The Trust also announced that its Board of Trustees has approved an
amendment to its Shareholder Rights Plan. Among other things, the
amendment increases from 20%-25% the beneficial ownership threshold
which triggers the exercisability of the rights. The amendment
was not adopted in response to any take over attempt or other
threat to Trust policy but was adopted to prevent any inadvertent
activation of the Rights Plan that could result from the potential
decrease in the number of shares outstanding.
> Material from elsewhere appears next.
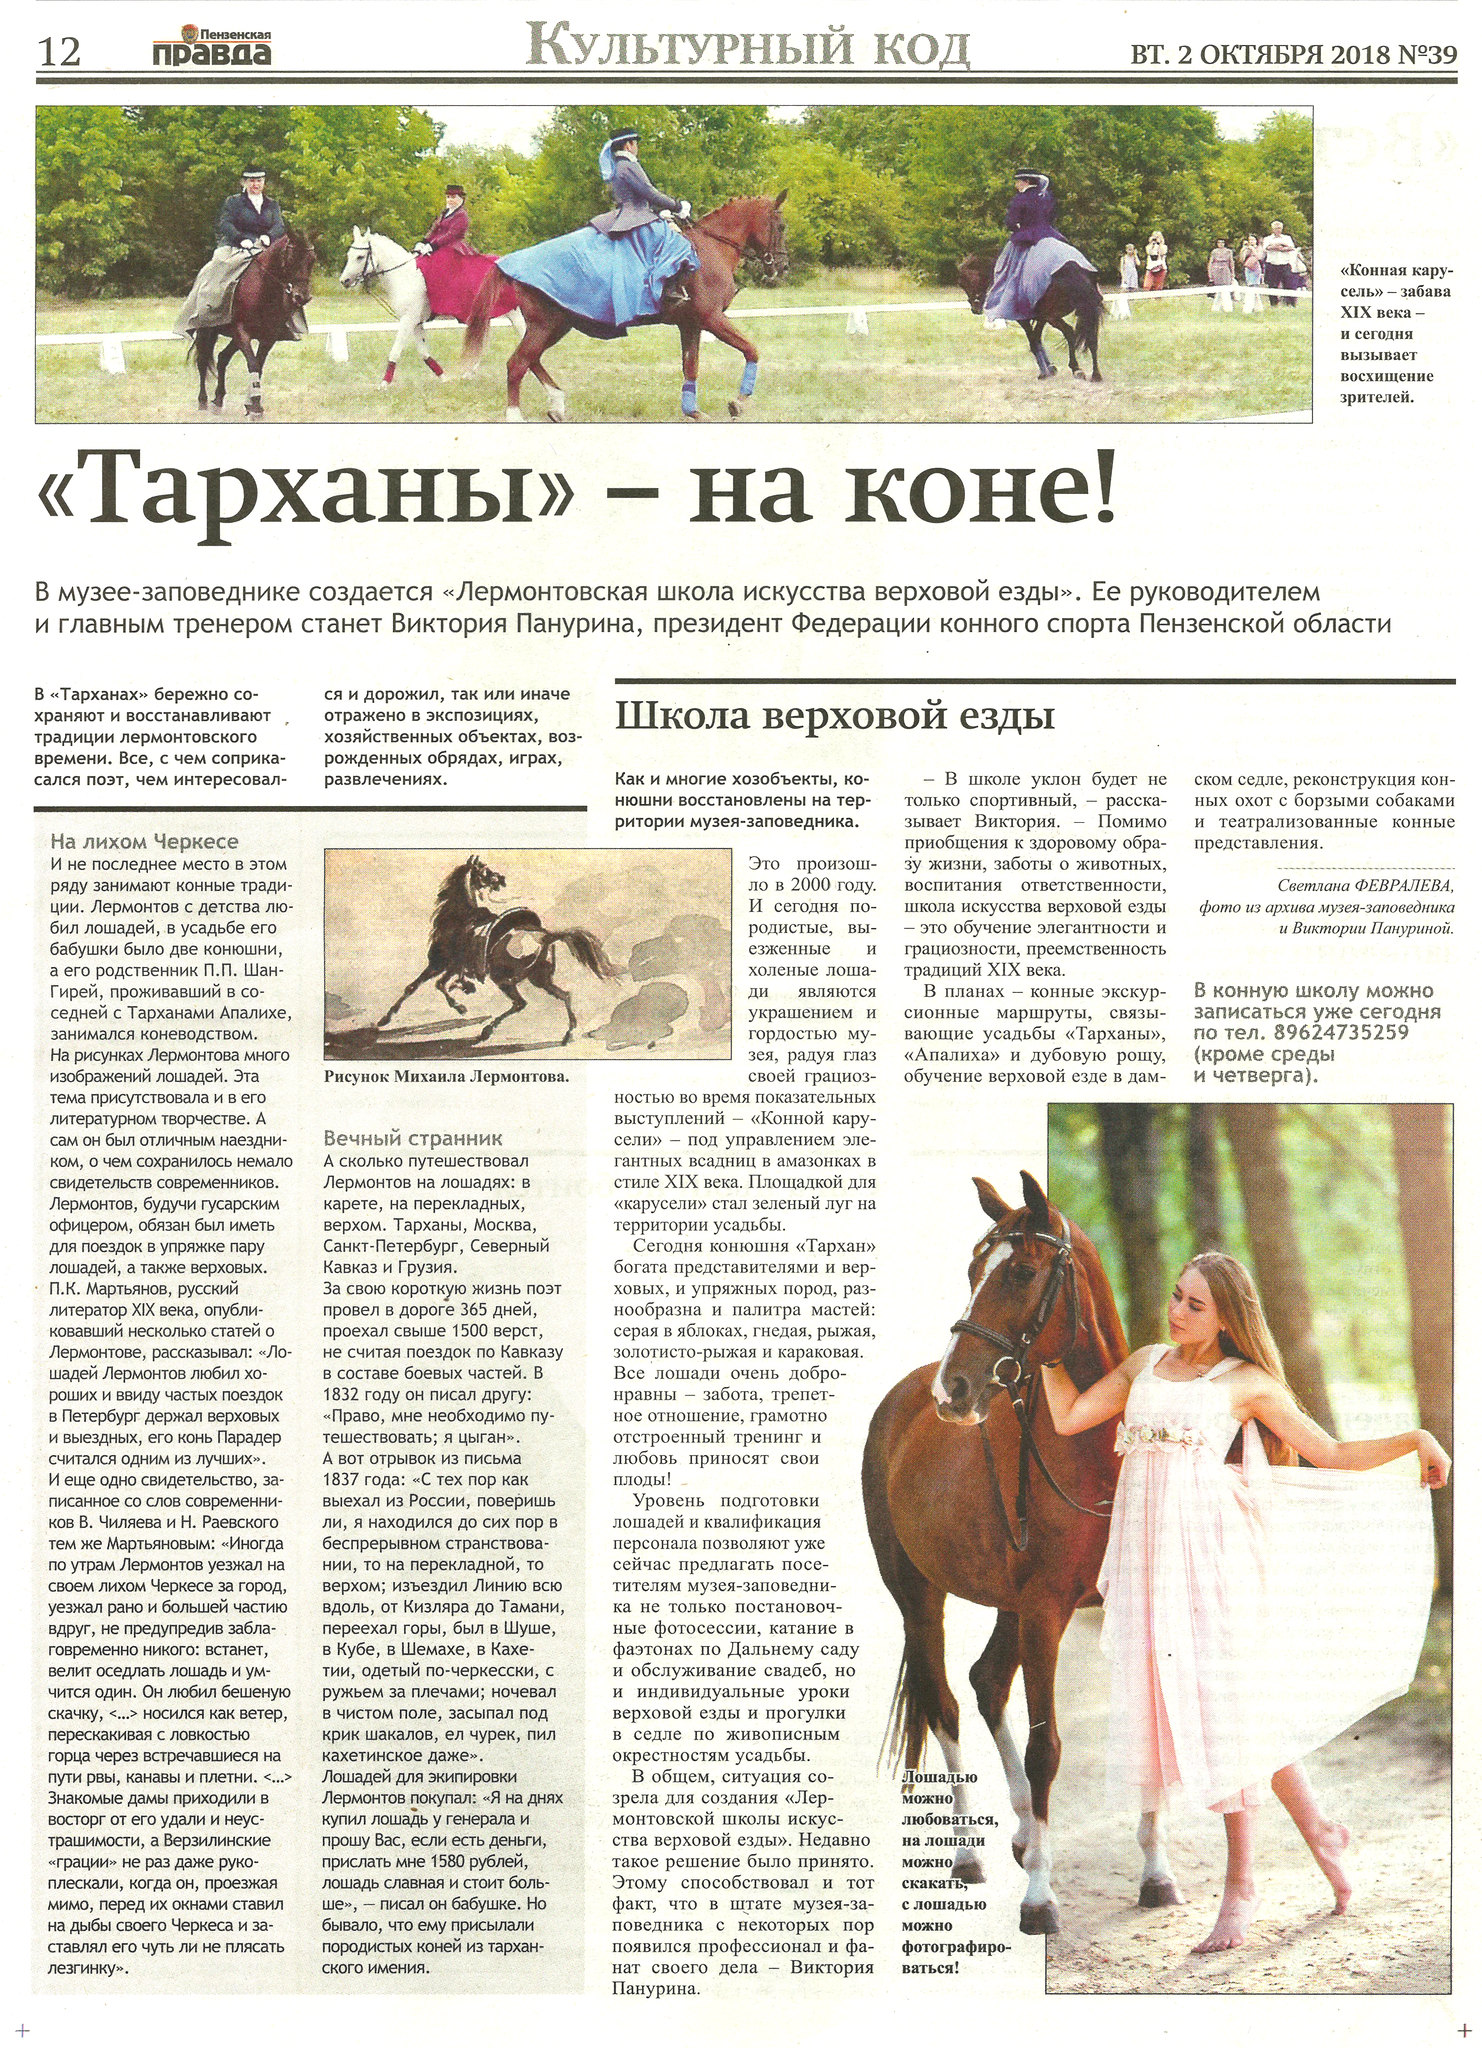 «Пензенская Правда», вт. 2 октября 2018 года № 39. «"Тарханы" – на коне!»

No repurchases of
shares will be effected under the repurchase program until the
amendment is finalized, which is expected to occur over the next
several days.
The Trust also announced that it expected net income and funds from
operations for the second quarter ended April 30, 1996, to be
consistent with the results achieved in the first quarter before
the gain on sale of a property realized in that quarter. Such
results are preliminary and subject to revision.
HRE is a self-administered equity real estate investment trust that
provides investors with a liquid vehicle for participating in
ownership of income-producing properties.